This tutorial covers material encountered in chapter 5 of the VCE Mathematical Methods Textbook, namely:
- Exponential functions
- Index laws
- Log functions
- Log laws and change of base
Q1 – Graphs, Intercepts and Asymptotes of Exponential & Logarithm Functions
Q2 – Inverses of Exponential & Logarithm Functions
Q3 – Exponential & Logarithm Functions
Q4 – Solving Exponential & Logarithm Functions
Q5 – Intercepts of Logarithm Functions
Q6 – Solving Natural Exponential Function
Q7 – Sum and Product of Natural Exponential Functions
Worksheet
Q1. Sketch the graph of each of the following functions, clearly indicating the axis intercepts and any asymptotes (Note that \(\log_e(x)=\ln(x)\)):
(a) \(f(x)=e^x-3\)
(b) \(f(x)=2^{-x}+4\)
(c) \(g(x)=\dfrac{1}{3}(e^x-4)\)
(d) \(g(x)=5-e^{-x}\)
(e) \(h(x)=\ln(3x+2)\)
(f) \(h(x)=-\ln(x-3)\)
(g) \(j(x)=\ln(2-x)\)
Q2. Find \(f^{-1}\) for each of the following functions:
(a) \(f:\R \to (-3,\infty),\, f(x)=e^{2x}-3\)
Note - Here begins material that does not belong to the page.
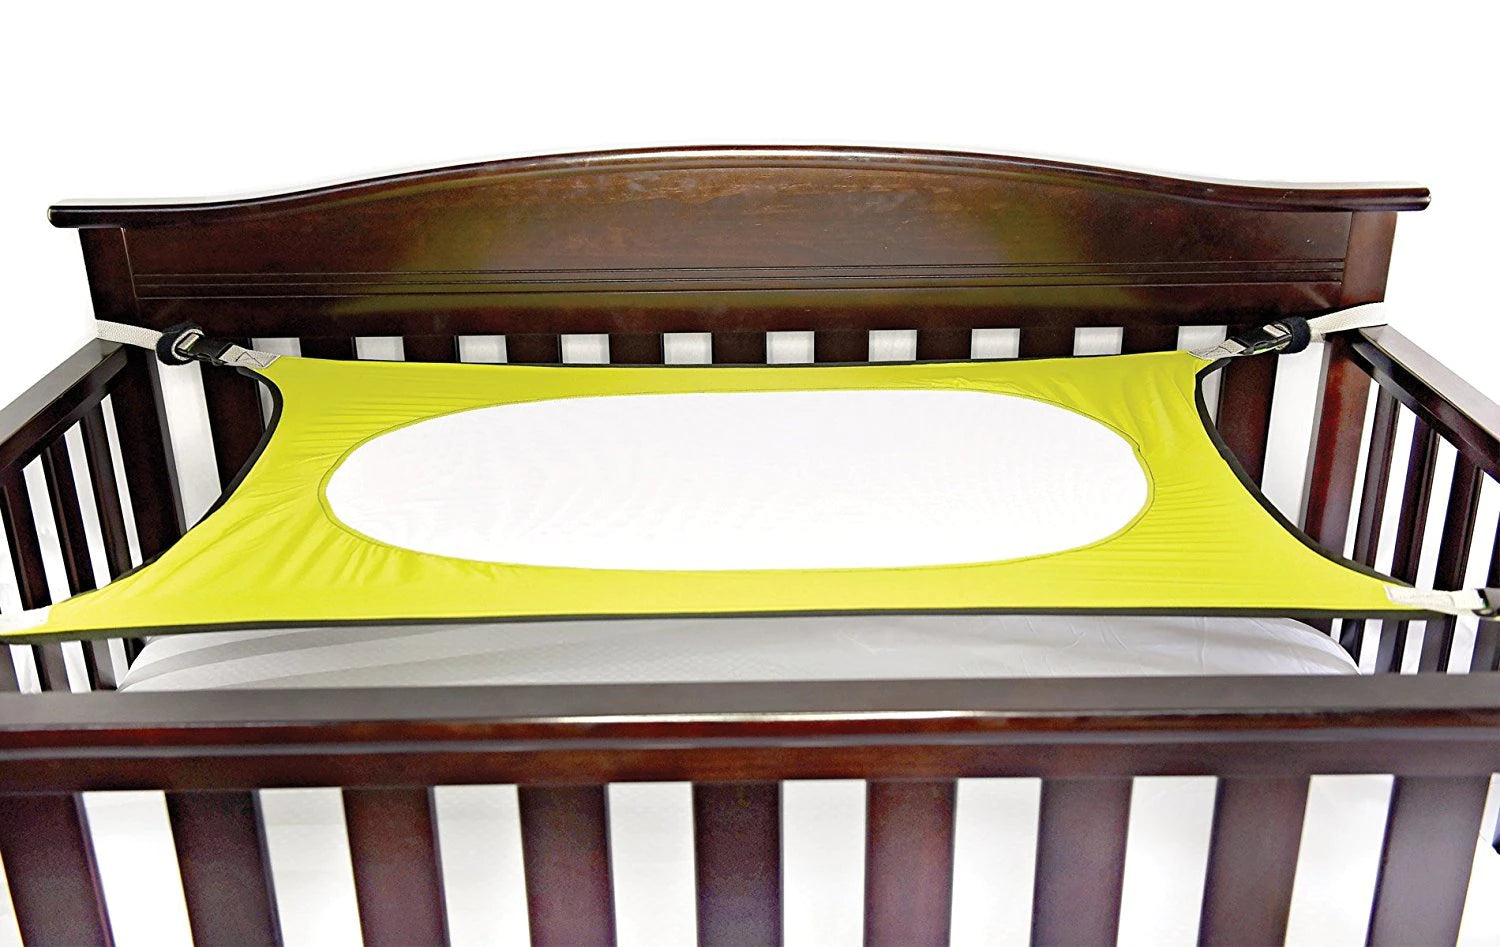 BabySwing™ - Baby hangmat voor wieg

(b) \(f:(3,\infty) \to \R,\,f(x)=4\ln(x-3)\)
(c) \(f:(-\frac{1}{2},\infty) \to \R,\,f(x)=\log_{10}(2x+1)\)
(d) \(f:\R \to (3,\infty),\, f(x)=2^x+3\)
Q3. For each of the following functions, find \(y\) in terms of \(x\):
(a) \(\ln(y)=\ln(2x+5)\)
(b) \(\log_2(2y)=3\log_2(3x+1)\)
(c) \(\log_{10}(y)=-3+4\log_{10}(x)\)
(d) \(\ln(y)=2x+3\)
Q4. Solve each equation for \(x\), expressing any logarithms in the answer with base \(e\):
(a) \(3^{2x}-3^{x}-3=0\)
(b) \(log_{10}(3x)-2=0\)
(c) \(5^{2x}-2(5^{x})-3=0\)
Q5. The graph of \(f(x)=2\log_2(2x+1)-5\) intersects the axes at the the points \((a, 0)\) and \((0, b)\) and passes through the point \((c, 3)\) for \(a,b,c \in \R\). Find \(a, b\) and \(c\).
Q6. Solve for \(x\) if \(4e^{2x}=251\).
Q7. Bonus question: Let \(f(x)=\dfrac{1}{2}(e^x+e^{-x})\) and \(g(x)=\dfrac{1}{2}(e^x-e^{-x})\):
(a) Show that \(f\) is an even function
(b) Find \(f(u)+f(-u)\)
(c) Find \(f(u)-f(-u)\)
(d) Show that \(g\) is an odd function
(e) Find \(f(x)+g(x),\, f(x)-g(x),\, f(x)g(x)\)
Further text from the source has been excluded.